Changes in plasma concentration of flavonoids after ingestion of a flavonoid-rich meal prepared with basic foodstuffs

Ryo Mannen, Michiko T Yasuda, Ayami Sano, Toshinao Goda, Kayoko Shimoi, Yoko Ichikawa


Background: As flavonoids have a variety of functions, such as antioxidant activity, there is growing interest in the development of flavonoid supplements. However, there have been reports of DNA damage due to exposure to flavonoids at high concentrations in rats, which could suggest that a habitual intake of flavonoid supplements may cause toxicity. Therefore, we considered that ingesting flavonoids from a typical meal combined basic foodstuffs are safe because of unlikely to result high concentrations like supplements, and focused on the intake of flavonoids from a typical meal. Thus, this study investigated the absorption of flavonoids in humans after the consumption of a typical meal.

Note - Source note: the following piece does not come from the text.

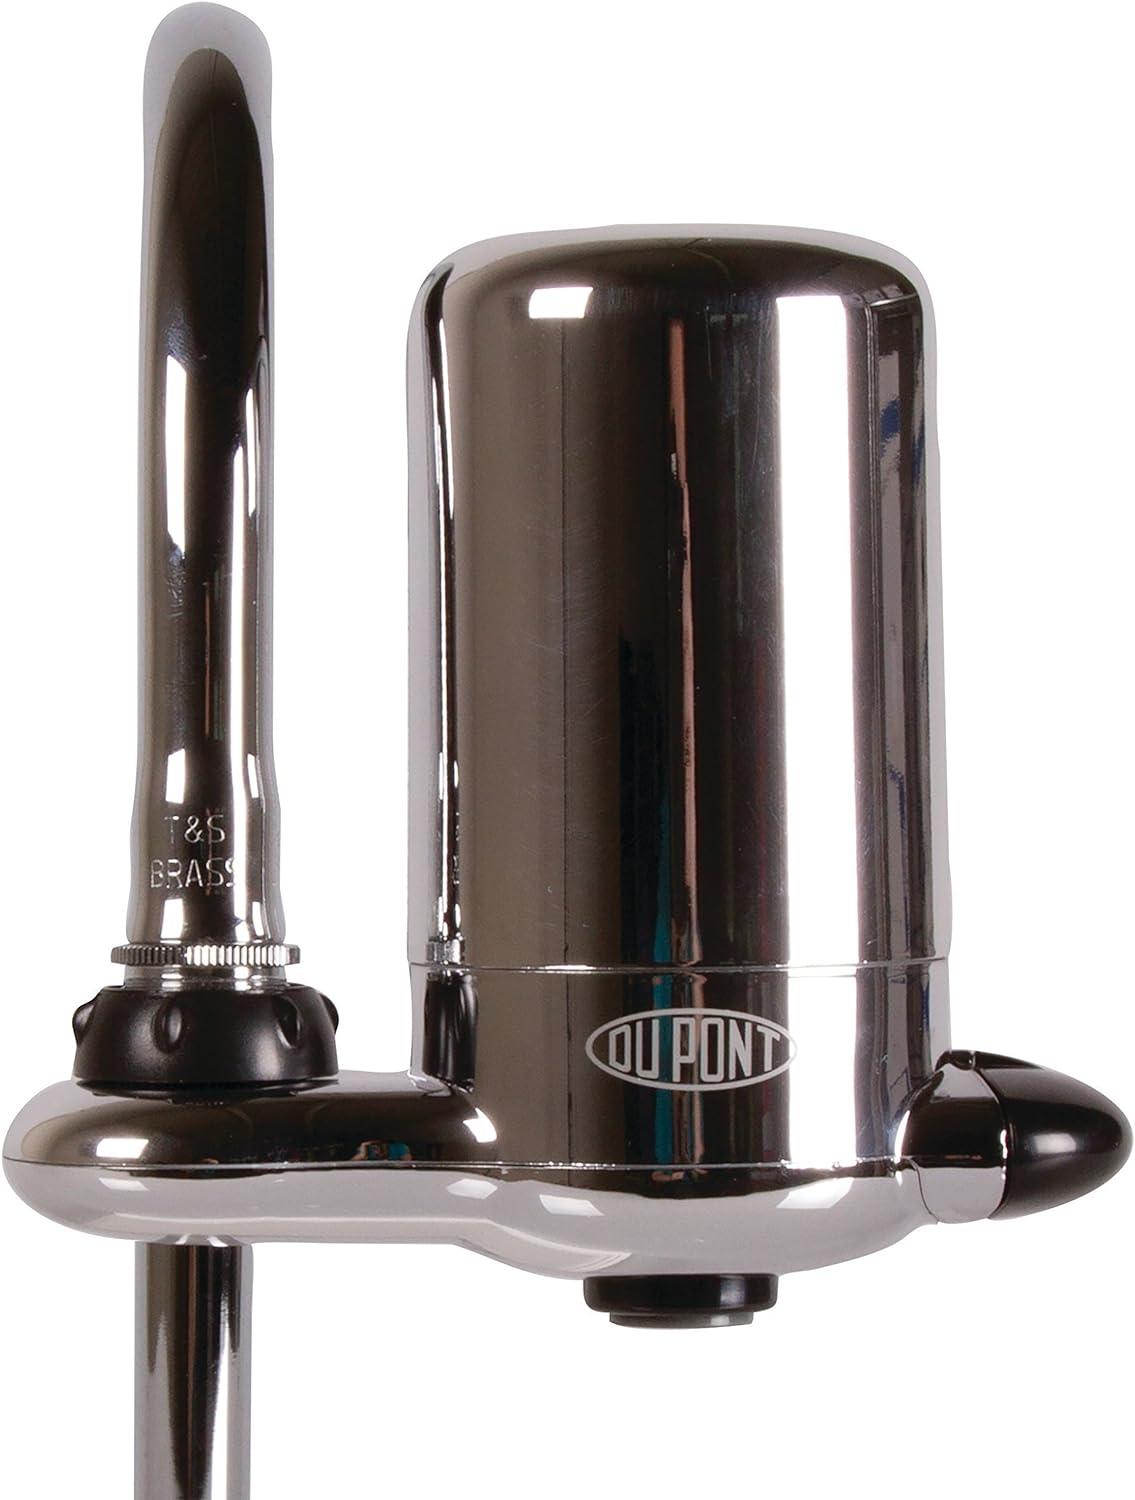 Dupont WFFM100XCH Premier Faucet Mount Drinking Water Filter, Chrome

Methods: On the first 2 days of the study, seven healthy volunteers were provided with low-flavonoid meals (flavonoid content below the detection limit by HPLC: less than 0.24 mg/meal) three times a day as a washout. A flavonoid-rich meal (40.44 ± 1.49 mg/meal) was then provided for breakfast on the third day. Blood was collected from all volunteers 0, 2, 3, 7, 8, and 9 h after the flavonoid-rich meal was consumed. After enzyme hydrolysis of the plasma, the plasma concentrations of flavonoids aglycone of quercetin, daidzein and genistein were measured using LC-MS. Urine was also collected and pooled 24 h after the flavonoid-rich meal was consumed. Thereafter, the urine was treated with enzyme hydrolysis, and the measurement of urinary flavonoids was performed.


Results: Plasma flavonoid peaks were observed 8 h after consumption of the flavonoid-rich meal (quercetin: 4.29 ± 1.46 μM, daidzein: 0.51 ± 0.41 μM, genistein: 0.91 ± 0.73 μM). Furthermore, flavonoids were confirmed to be present in plasma even at 9 h after the intake meal. The urinary recovery of flavonoids was 3.43 ± 1.50% for quercetin, 13.87 ± 6.68% for daidzein, and 16.89 ± 11.40% for genistein.


Conclusion: These results suggest that consuming a typical meal that combines a variety of basic foodstuffs delays attainment of the plasma flavonoid peak compared with consuming a single type of food or supplements as previously reported. In addition, the flavonoid urinary recovery were also reduced compared with those previously reported.